Counseling is definitely needed. The next thing would be how to get him to see that and get him to go.




Edited 11/11/2004 1:51 pm ET ET by ARCHLY

iVillage Member
Registered: 03-25-2003
In reply to: archly
Thu, 11-11-2004 - 2:05pm
A child who doesn't have a relationship with a man isn't going to accept his teaching on values and beliefs. Which is why my siblings (who have a different dad than I do - from my mom's first marriage) don't believe ANYTHING my father taught them to be true in the relm of values and beliefs - because when they were children - he had no relationship at all with them - and they had no relationship with their own father.

I understand that others view a "lifetime commitment" and marriage as one in the same, but I don't. My husband vowed his commitment to me the day I found out I was pregnant - but I struggled with insecurity until the day we finally married. As I have been divorced - I know that piece of paper won't hold two people together, but I believe in marriage, I value marriage. I know you may not feel that way - but I do. And I also believe that society still dictates having children inside the confines of marriage is best and most socially acceptable, and having children out of wedlock is not. My husband and I didn't get married until our son was almost one - and going through that experience definitely confirmed my thoughts on that subject.

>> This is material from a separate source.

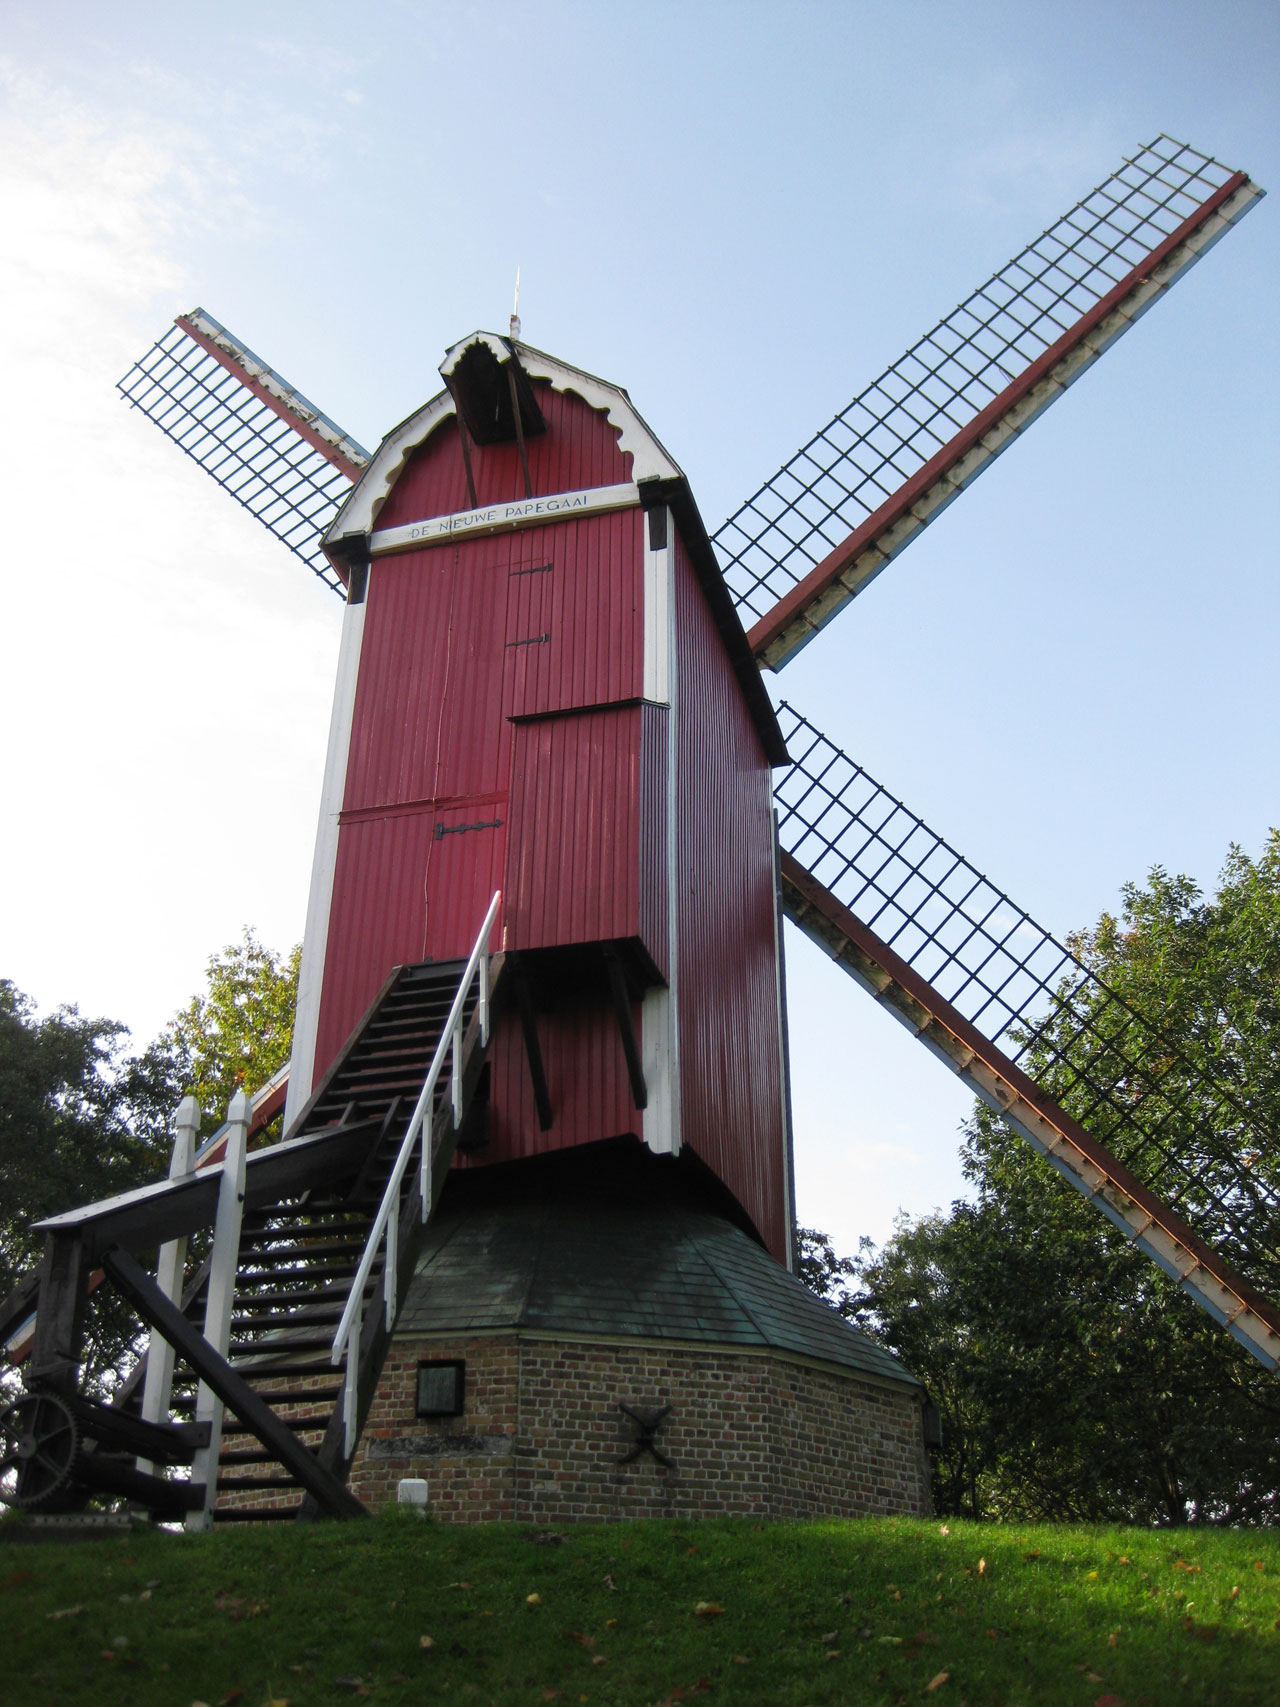 De Nieuwe Papegaai windmill, Bruges, Belgium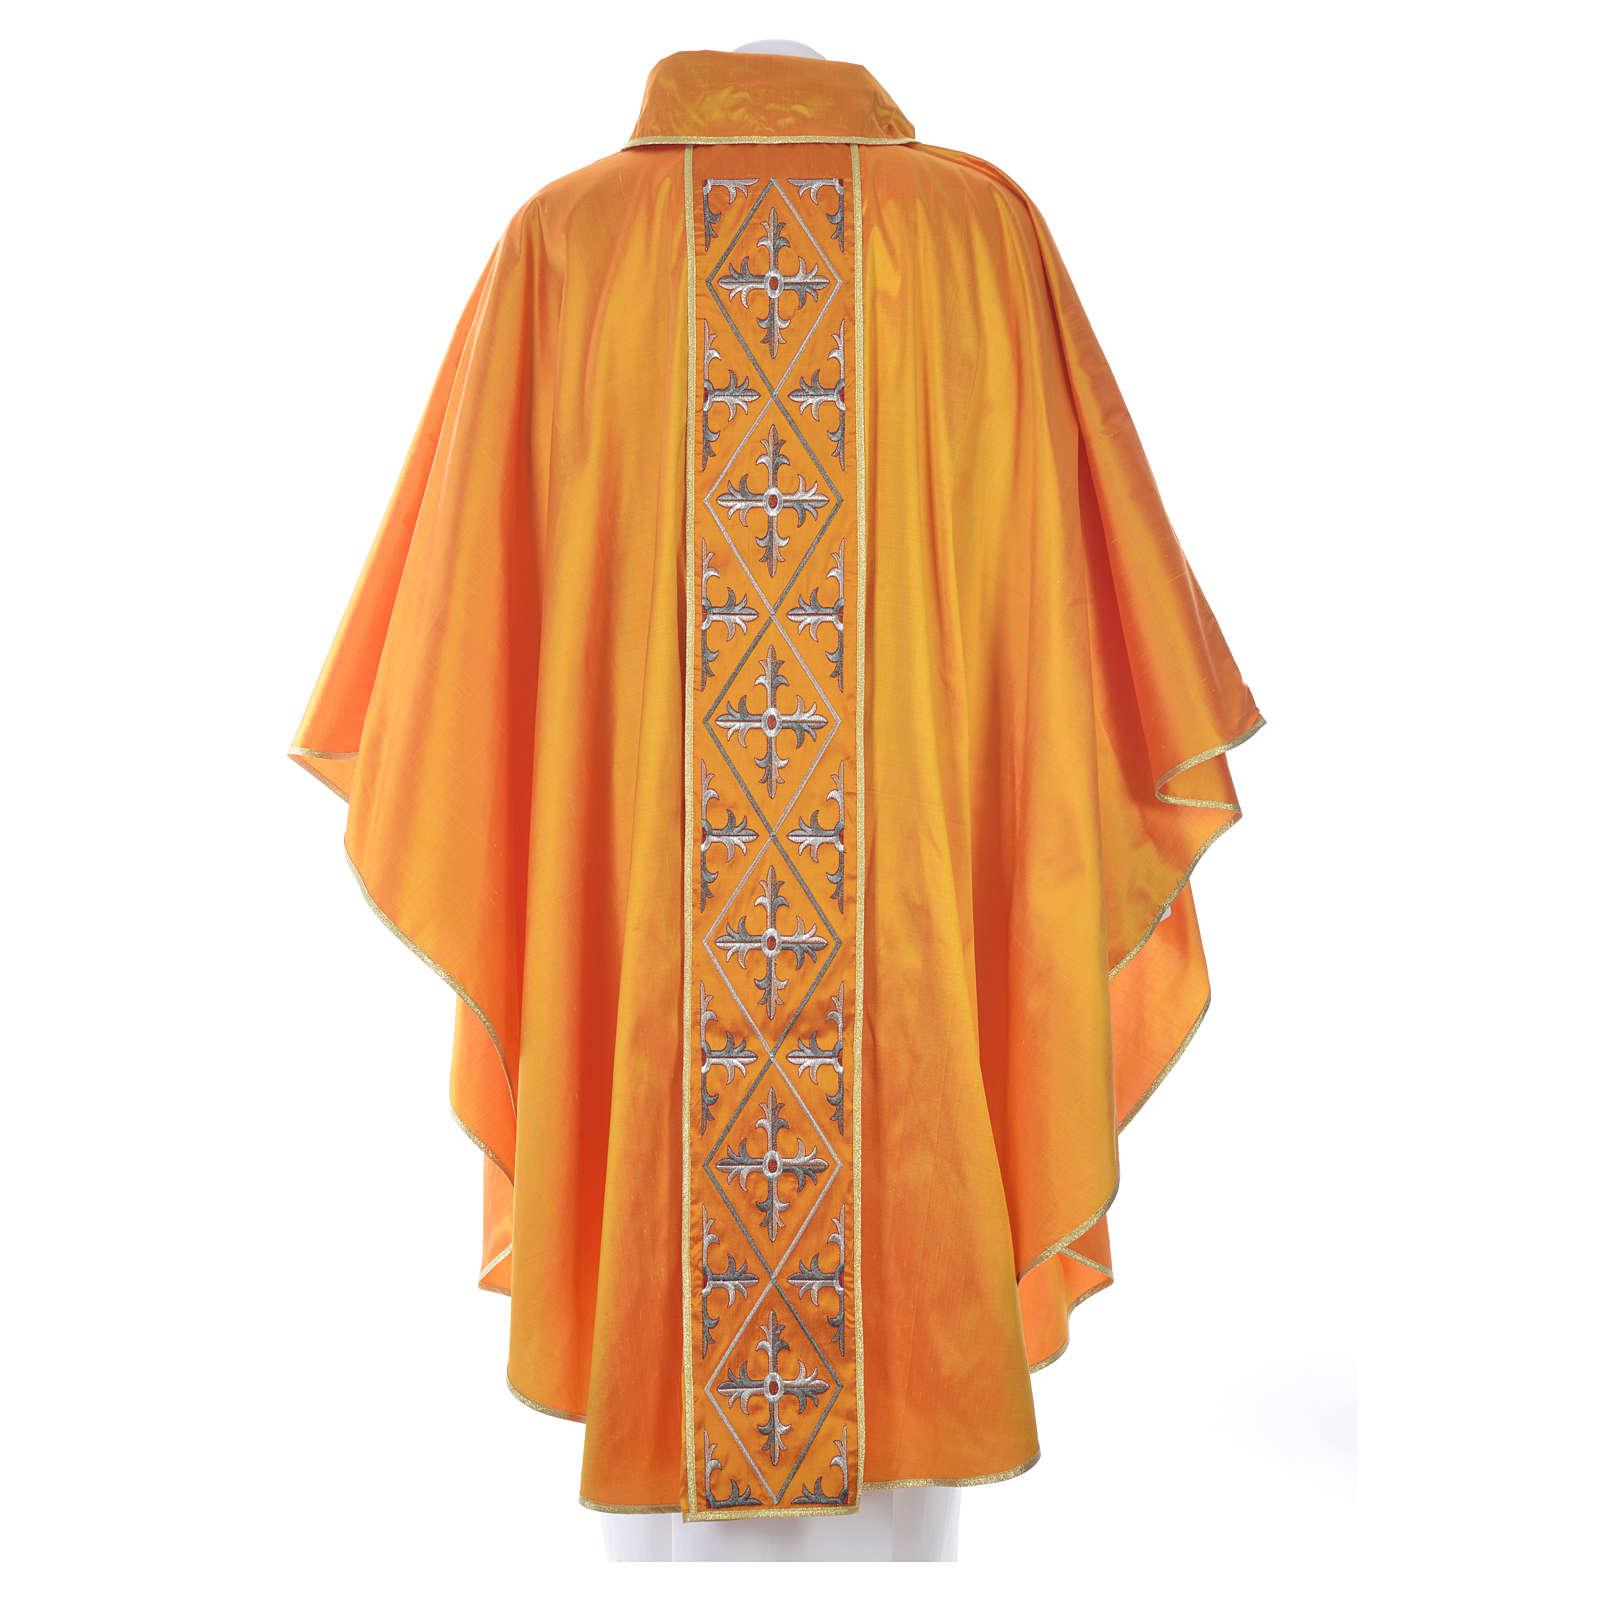 Casula sacerdotale seta 100% ricamo croce 4

How to get him to see that? "I will never agree to have a child with you unless and until your issues with my son, who you will be coparenting until he is a man, are addressed. As we've been unsuccesful in resolving these issues ourselves, I feel counseling is required. I will not discuss the issue of having a child with you until this issue is addressed."

And - a question - if he isn't willing to parent your son because of the guilt issues he feels about his child from a previous relationship that he isn't able to parent, how will he resolve those feelings in order to be able to parent your (plural) child together?